As is well known, the TSI (Total Solar Irradiance) varies directly with the Sun's activity level, with an amplitude of about 0.1%. The Sun is about 0.1% brighter at activity maximum than at minimum. SORCE carries an instrument called TIM (Total Irradiance Monitor) that measures just this, but it also includes another intrument called SIM, the Spectral Irradiance Monitor. This instrument measures solar variability in six different wavelength bands, and SIM has turned up something very interesting.

Image
© Harder, et al.

At left is part of Figure 1 from the Harder et al. paper. This shows two of the six wavelength regions the SIM observes, from 2004 to 2008. During this time, solar activity has declined to its current minimum between cycles 23 and 24. The key observational point is that while the UV irradiance has decreased (purple line, 201-300 nm), there has been an increase in the visible (green line, 400-691 nm). Other increases in the infrared are offset by declines in the red and near IR (691-972 nm) and near UV (300-400 nm).

Harder et al. make two basic points.

First, all the various SSI trends, added together, must reproduce the observed TSI. Since the trends in the visible and IR are out of phase with the solar cycle, the trends that are in phase, in particular the UV, are larger than has been previously assumed in models of solar variability. In fact, they find that UV variability between 200 and 400 nm is almost a factor of 10 larger than was estimated from earlier satellite data.
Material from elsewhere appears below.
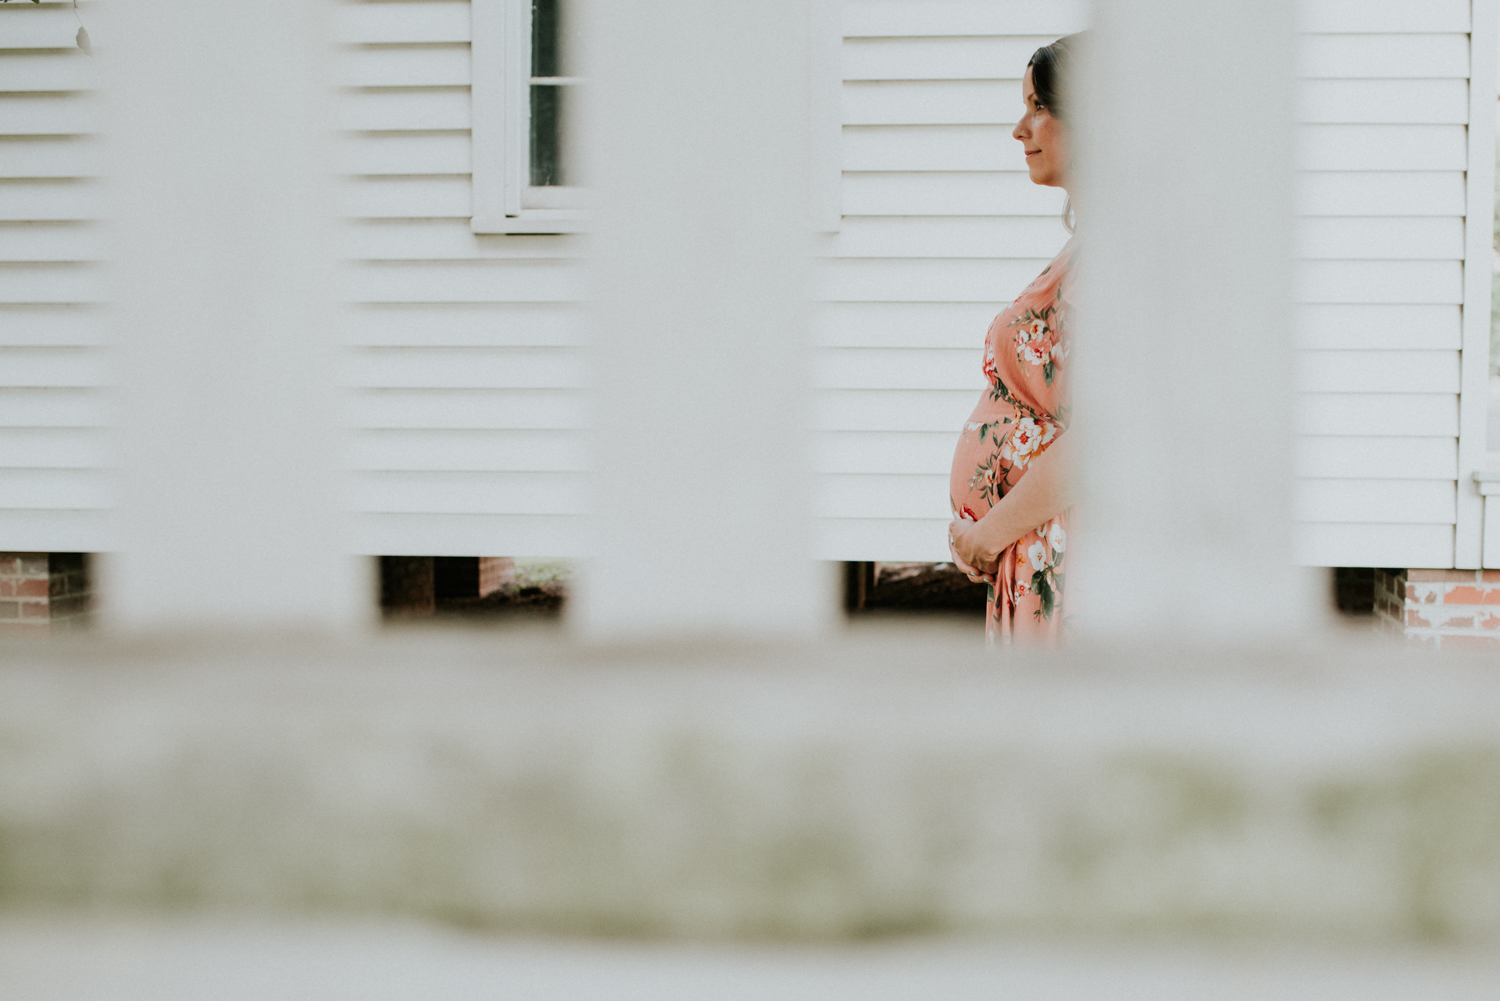 maternitysession-theclevelands-babybump-mommytobe-pregnancypictures-maternitysessions-houstontexas-texas-dowtownhouston-loscastrophotography-19.jpg
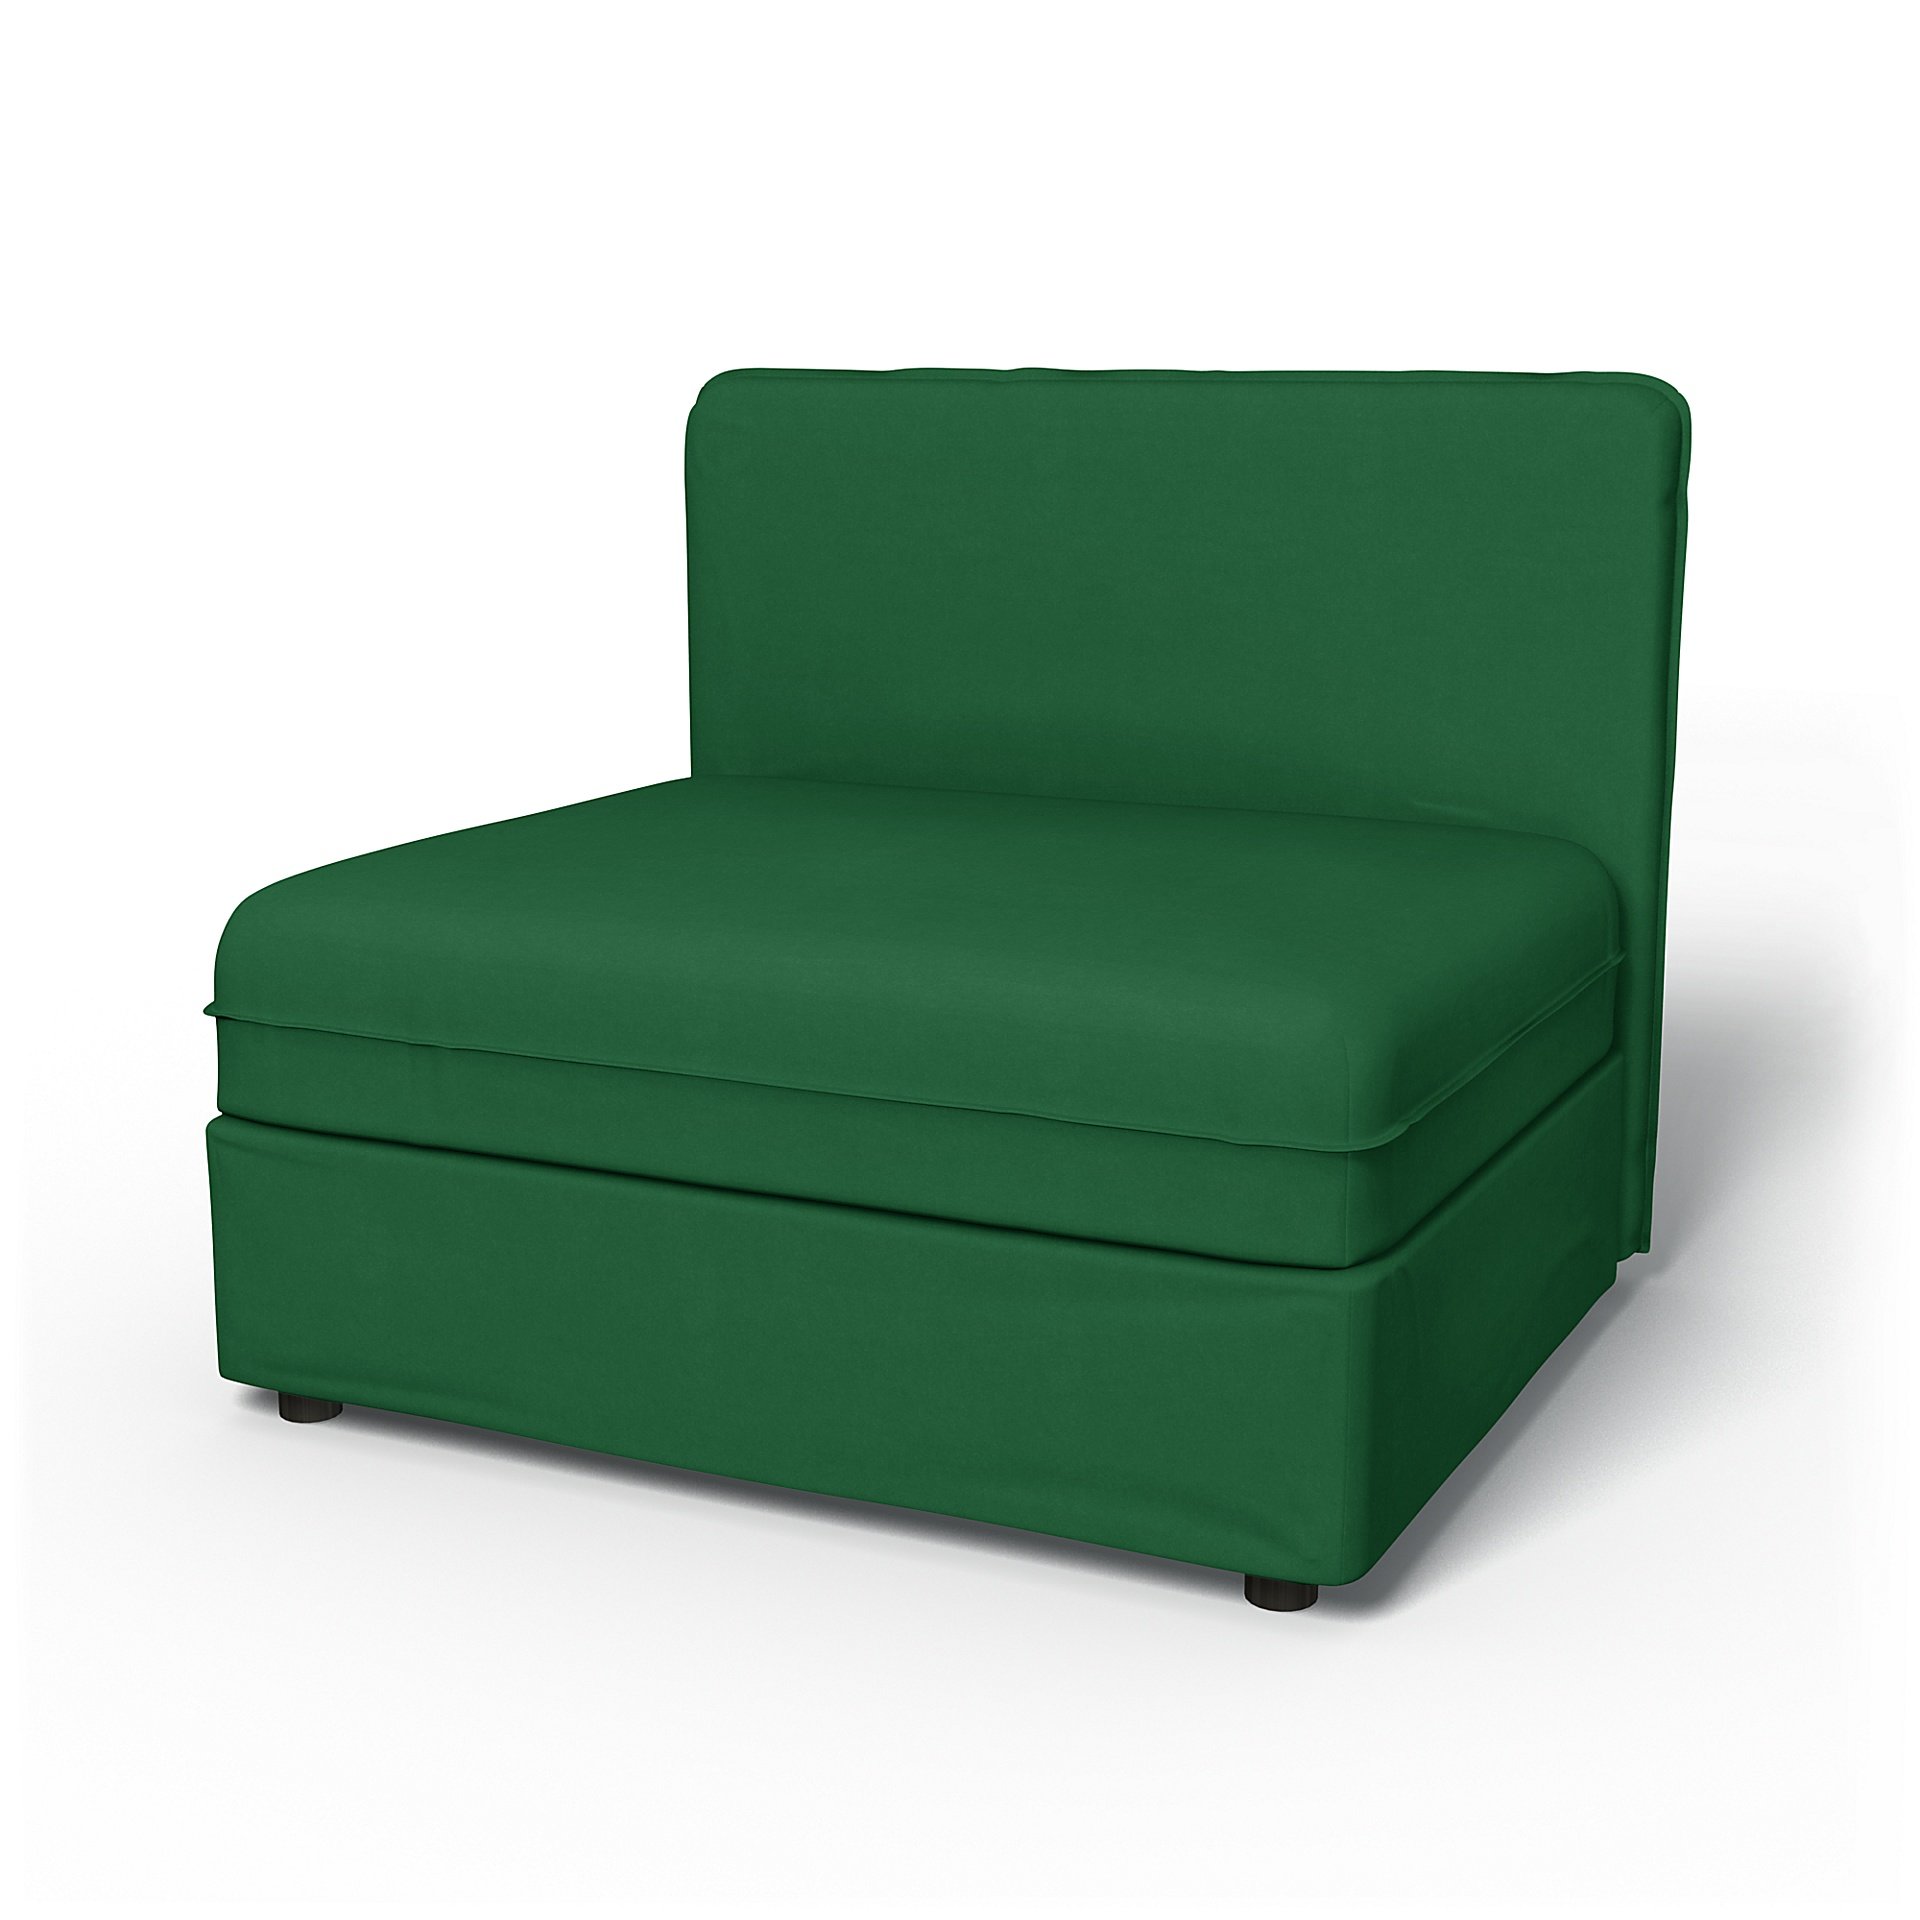 IKEA - Vallentuna Seat Module with Low Back Cover 100x80cm 39x32in, Abundant Green, Velvet - Bemz

Second, they note that most general circulation models and climate models assume that the Sun's spectral variability tracks its total variability in all wavelengths. But as the figure above clearly shows, this is not the case. The interaction and effect of varying UV radiation in the stratosphere is well documented, even if the coupling of these effects to the troposphere is poorly understood. As I've noted in some other posts, although the globally averaged contribution of solar variations to climate change appears to be small, regional changes due to solar variability can be much larger (e.g., Europe during the Maunder Minimum). A nice 2008 paper by Judith Lean and David Rind makes the same point. Harder et al. conclude: "It is critical that these new solar spectral variability results from SIM be included in climate models to understand the potential direct and indirect consequences to climate change."

I wonder if Sun-like stars vary similarly in the UV and IR as their cycles wax and wane? I just might have to try to find out...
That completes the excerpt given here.